Zoe Bäckstedt has signed with EF Education-TIBCO-SVB and after her first race with the American WorldTour team, she will step up to the senior ranks, combining road racing and cyclocross over the winter and into 2023.
Bäckstedt turned 18 on September 24 and joined EF Education-TIBCO-SVB as a trainee for the last few months of the 2022 season. She was part of the team that won the opening stage of the team time trial at the CIC-Tour Féminin International des Pyrenees and helped Krista Dobel-Hickok win the overall.
She is the current junior world champion in road and cyclo-cross and comes from a cycling racing family.
"My father (Magnus Beckstedt) won Paris-Roubaix, so he's been riding since I can remember. My mother (Megan Hughes) represented Great Britain in road racing and won a bronze medal in the track sprint as a junior. My sister won a medal at the World Championships and now competes on the World Tour. Cycling is in my blood," she said when EF Education-TIBCO-SVB announced the 2023 contract.
Bäckstedt will fight a dual road and cyclocross campaign for the team alongside American cyclocross champion Clara Honsinger.
Bäckstedt was a member of the Belgian cyclocross development team Acrog-Tormans as a junior. She finished the 2021-2022 cyclocross season with 10 wins, adding the Cyclocross European Women's Junior Championships to her World Championship wins.
On the road, she won the rainbow stripe, the individual time trial stage of the Watersley Ladies Challenge, and the overall at the EPZ Omloop van Borsle. On the track, she also won gold medals in individual Pursuit, Team Pursuit, and Madison.
However, her career as a professional cyclist is not a foregone conclusion; riding and training are now part of her life.
"It took me a couple of years to get into cycling. But now I love it. I absolutely love it," she said.
"Cycling gives me freedom. It gives me a little space to do what I do. I always try to go out with my sister Elinor, and a friend of mine who is very close to me at home also rides. She and I can ride bikes for five hours and we never stop talking. I laugh with her and come home with a sore face."

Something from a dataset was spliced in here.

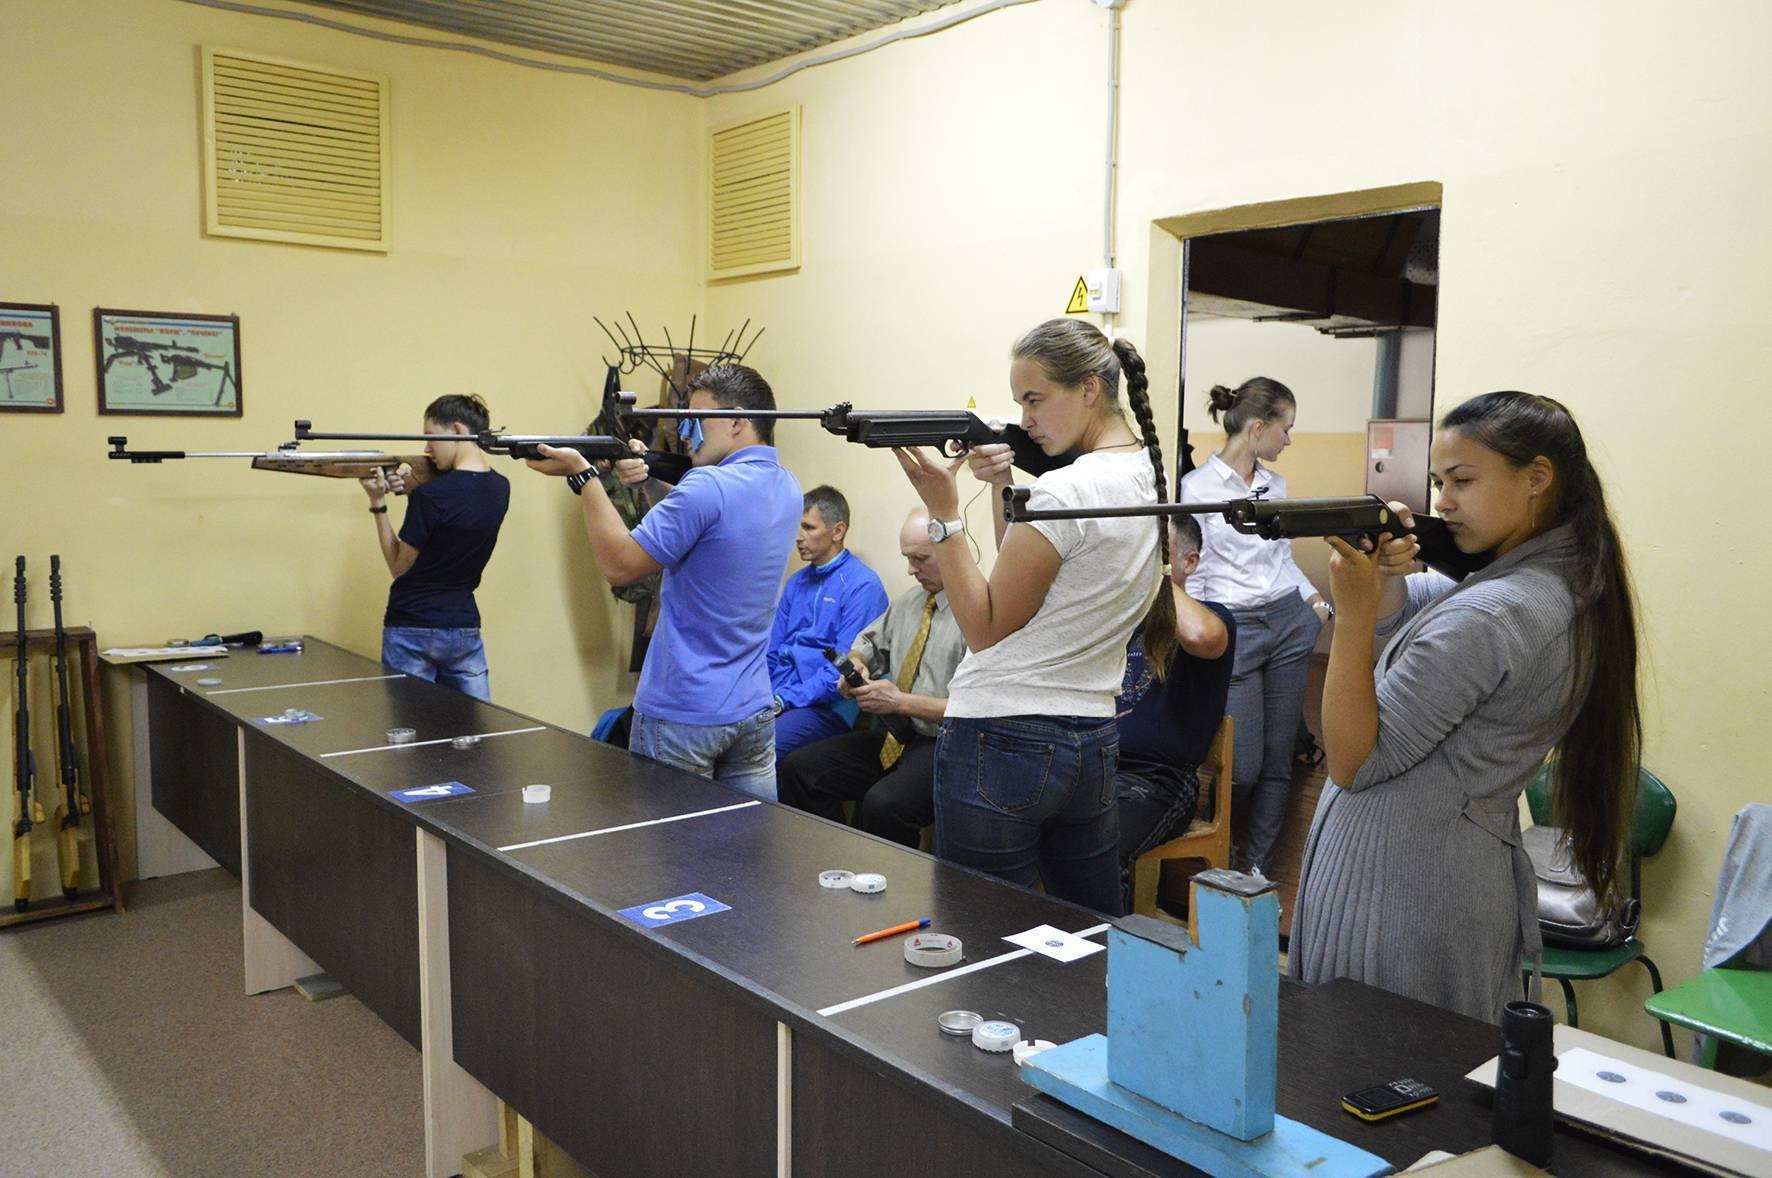 Пулевая стрельба  в москве. секции, спортивные школы и клубы по занятию пулевой стрельбой  в москве

Zoe and Elinor also receive significant support from their parents and family.
"We are lucky to have the support of everyone, including our grandparents and cousins. I'm glad to have the support of everyone, my grandparents, my cousins. They're all happy to see us having fun," she said.
EF Education-TIBCO-SVB defeated Beckstead after team founder and owner Linda Jackson offered similar support.
"I spoke with several other teams. I had a Zoom call with Linda, the team owner. The way I talked to her, the way she talked to me, and the way we got along seemed to be working. After that call, I went downstairs and told my dad, "I want to sign with them. I want to sign with them," Beckstedt said.
"But the whole atmosphere was just what I wanted. Linda let me be myself. I think we hit it off a little bit then. I felt good and confident. I had already seen some of the riders on the team. I already knew Abi Smith, for example. Lizzie Banks, too. It's nice to know that if you find it a little difficult the first couple of times, you can talk to people you already know and they can help you."
The luxury of being able to race both cyclocross and road with one team was another reason she found EF Education-TIBCO-SVB attractive. [because] it's easy to get pulled in one direction for road training camps and then get pulled into cyclocross season and nothing goes right.
"At EF Education-TIBCO-SVB, you can do road and then switch to cross, race as much or as little as you want, then rest and get back to road.
"It's a 'do what you want and it works' approach. I can do a full season of cross as much as I want, and I can do as many road races as I want."